In the above embodiment, the temperature in the electrolytic capacitor of the power supply circuit (6) is measured by the temperature sensor (1), and the integration counter (
We have explained the method of changing the cycle in 4), but if there are other factors or parts used to estimate the lifespan of the power supply, you can configure the circuit by considering their regularity and measurement method. The lifespan may be estimated using not only temperature but also other parameters such as humidity and vibration.

〔Effect of the invention〕

As explained above, this invention is configured to measure the temperature of the electrolytic capacitor that forms the power supply device and predict the life based on this, thereby predicting the life of the power circuit of the electrolytic capacitor based on the temperature and wear index. This allows the user to make accurate life predictions that take temperature into account without adding an external circuit. In addition, there is no need to troubleshoot after a failure occurs or to replace the device even though there is still plenty of time left in its life, making it possible to operate the system more efficiently.

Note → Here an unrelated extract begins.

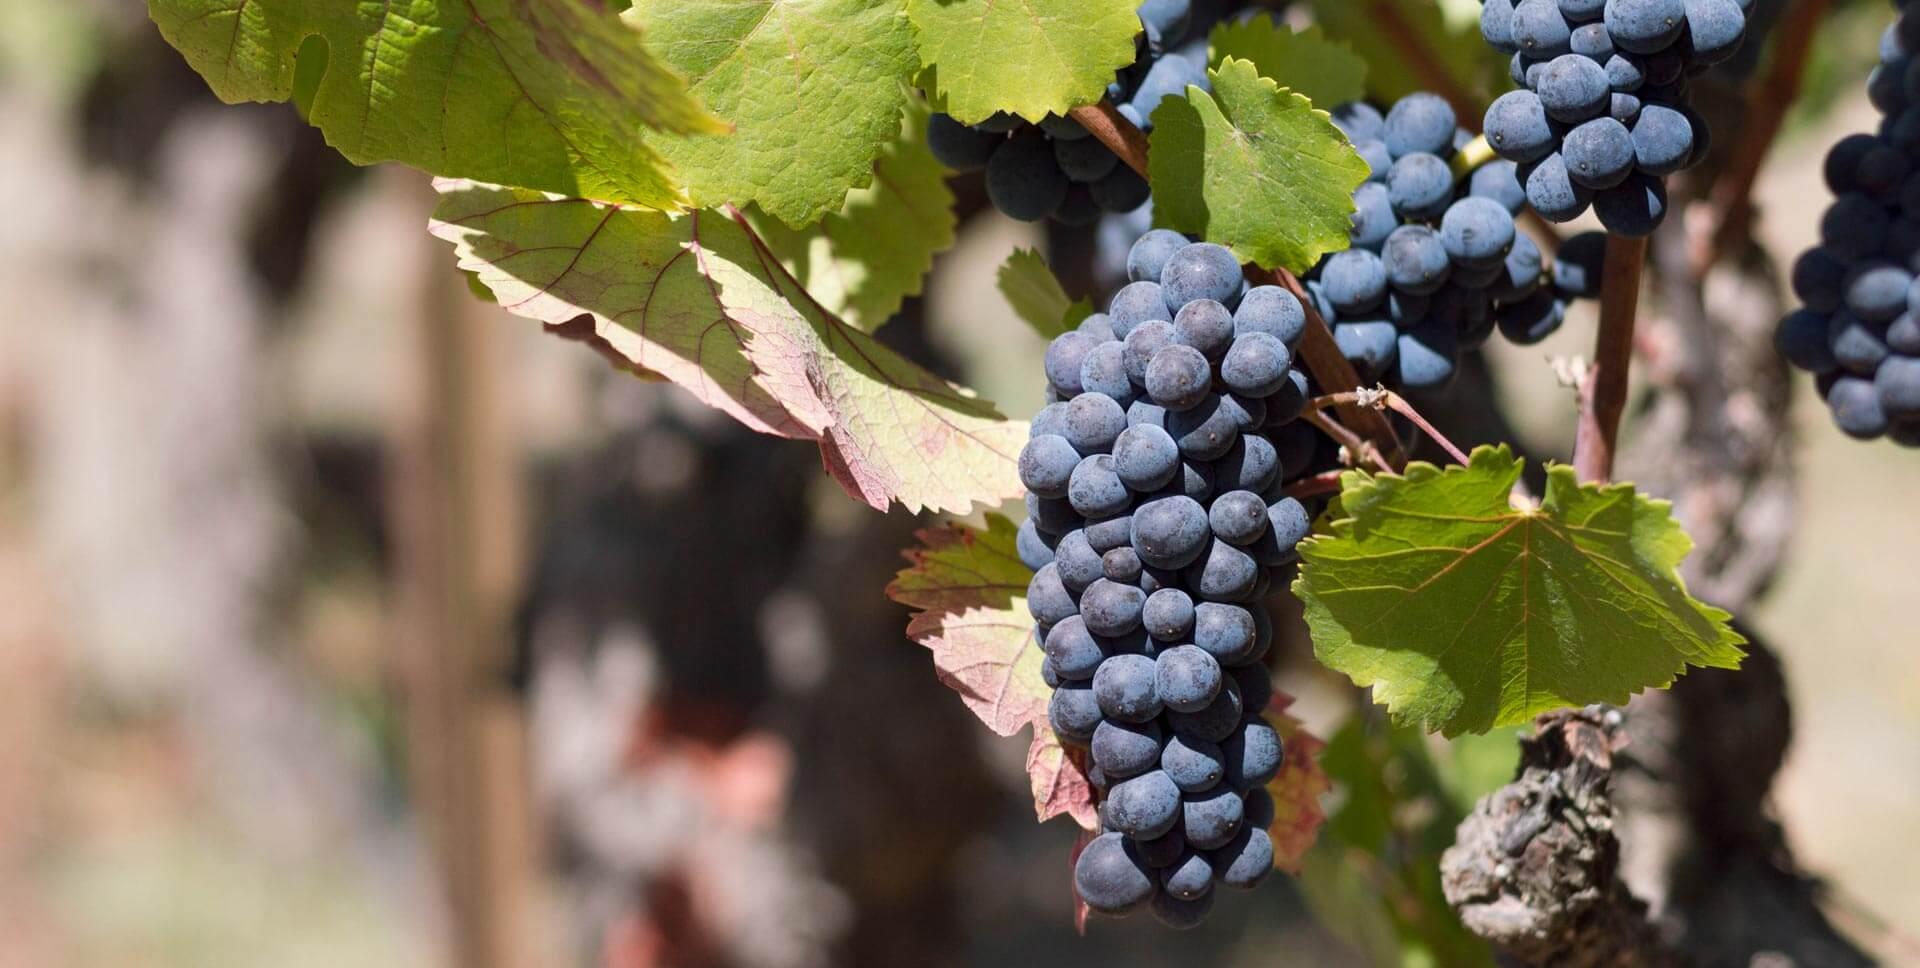 Resveratrol, Antioxidante ¿para qué sirve? Magnotun 7s Antioxidante, Magnotun7s

4. Brief explanation of the drawings Fig. 1 is a configuration diagram of a lifespan prediction circuit of a power supply device according to an embodiment of the present invention, Fig. 2 is a front diagram showing the lifespan of an electrolytic capacitor in a power supply circuit, and Fig. 3 is a diagram showing temperature FIG. 4 is a diagram of a pulse waveform showing the cycle of an integration counter that varies depending on the period of the integration counter. FIG.

In the figure, (1) is a temperature sensor, (2) is an arithmetic circuit, and (3) is a V
/F converter, (4) is integration counter, (5) is display, (6) is power supply circuit, (7) is power supply, (8) is hour meter,
(9) is a switch.

Note that the same reference numerals in the figures indicate the same or equivalent parts.

Claims (1)

[Claims] In a power supply device that stores electric charge in an electrolytic capacitor and supplies power by discharging the electric charge, a temperature measuring means for measuring the temperature of the electrolytic capacitor, and a measured value of the temperature measuring means and a preset consumption index are provided. and an integrating means for holding and successively integrating the calculation results of the calculating means, and for predicting the life of the power supply based on the integrated results of the integrating means. Features a lifespan prediction circuit for power supply equipment.